I guessed that cousin Maisie must be the child of one of these. I searched the Ellis Island website and found no record of any of them entering the USA. Ancestry was adding worldwide records by this time and a kind friend had a look for them for me. I had been looking in the wrong place. Caroline and her husband emigrated to Canada in the early 1880s and were found on censuses there. Still no Mary Ann, though. She was only 14 when her remaining parent died, why wasn’t she with one of her siblings in 1891? Then the UK to Canada passenger lists went online and at last I found her. A few months after her mother died in 1886, Mary Ann had travelled to Canada to join her sister Caroline’s family and became a naturalised Canadian citizen.

Everything fell into place fairly quickly after that. Caroline and her husband stayed in Canada and had six children, none named Maisie. Mary Ann married William in 1893 and had three children, all born in Canada. The eldest daughter was Maisie born in 1894. So why did I remember cousin Maisie as being American? The 1930 USA census answers that question, it shows Maisie living in Colorado with her husband and three children.

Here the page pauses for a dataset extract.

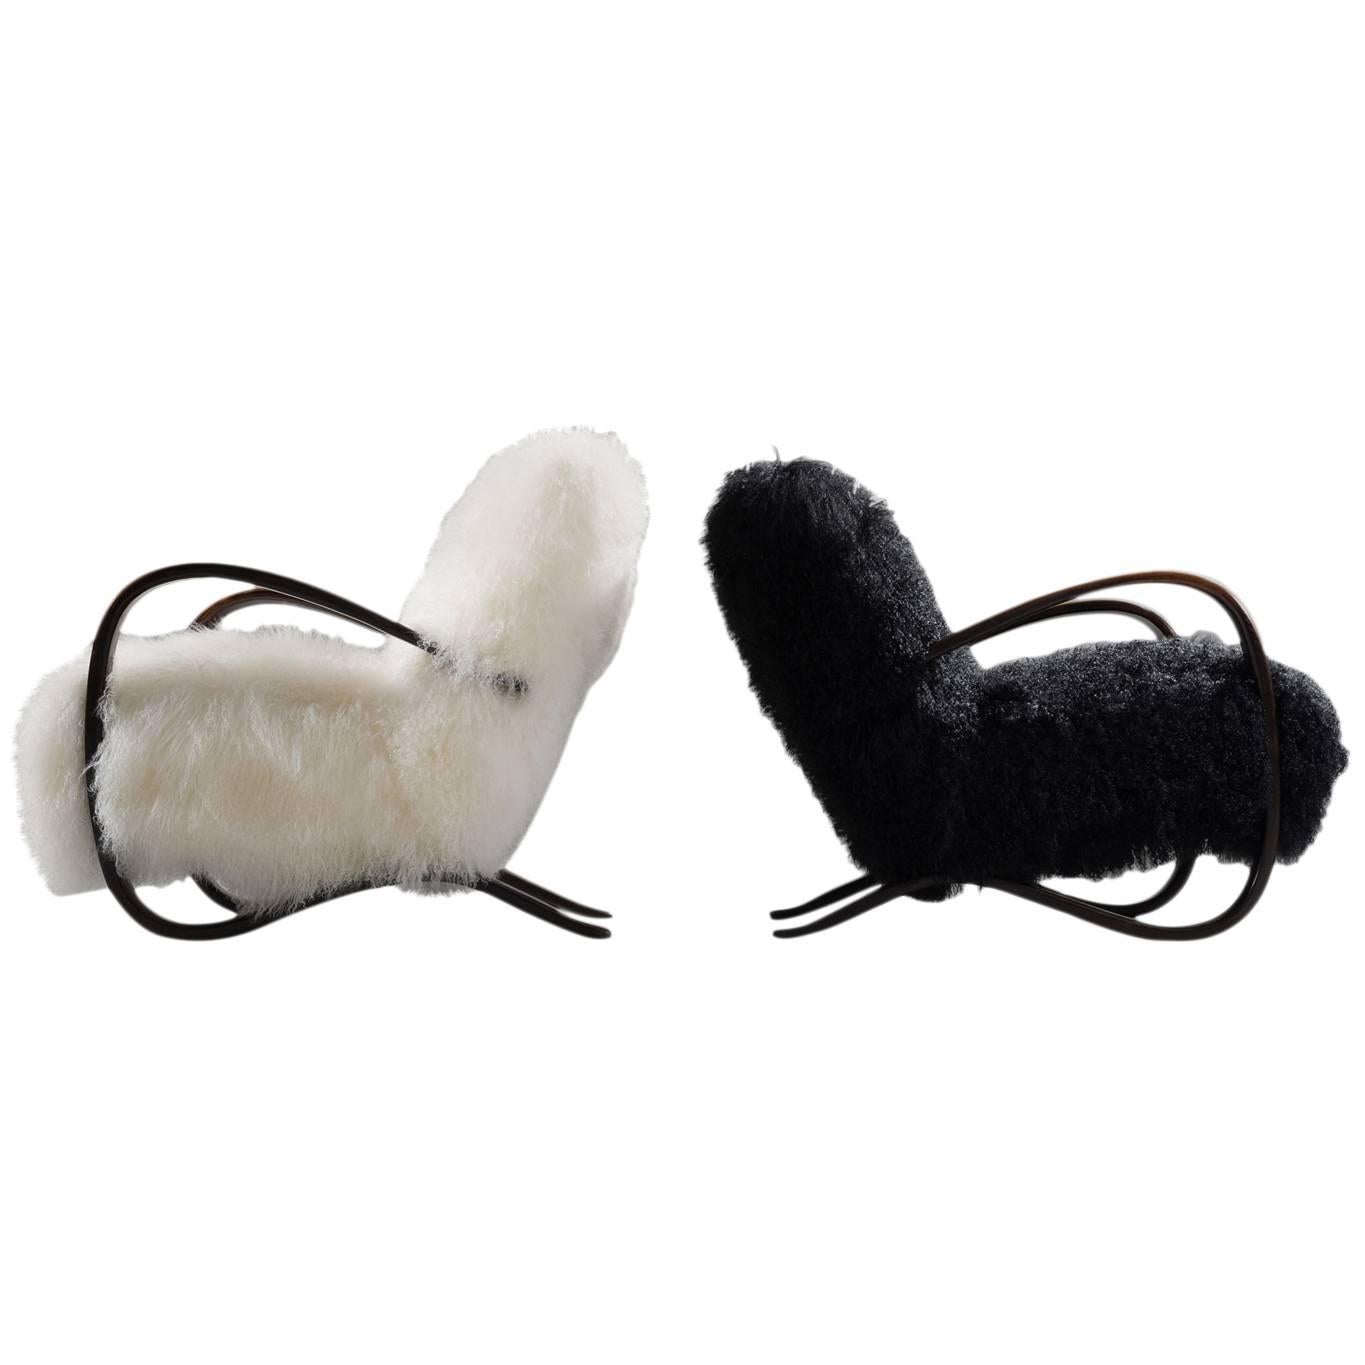 Pair of lounge chairs, in beech and sheepskin, by Jindrich Halabala (1903-1978), Czech Republic, 1930s. 

Extraordinary pair of black an white easy chairs with Tibetan lambswool upholstery. These chairs have a very dynamic and abundant appearance.

That’s not quite the end of the story. I was sorting through my father’s papers after he died and found a letter from Maisie dated 1967. She was writing in sympathy to my mother following the death of my grandmother a month earlier. This set me off to search again and some intensive googling revealed her obituary in a local newspaper, she had lived to the grand age of 95. The obituary gave the names of her children and I was able to locate an address for one of them using an online directory. I wrote to him and shortly afterwards received an email from her son, so the families are back in touch, and there is another convert to genealogy.

And who exactly was cousin Maisie? My first cousin twice removed, that’s who.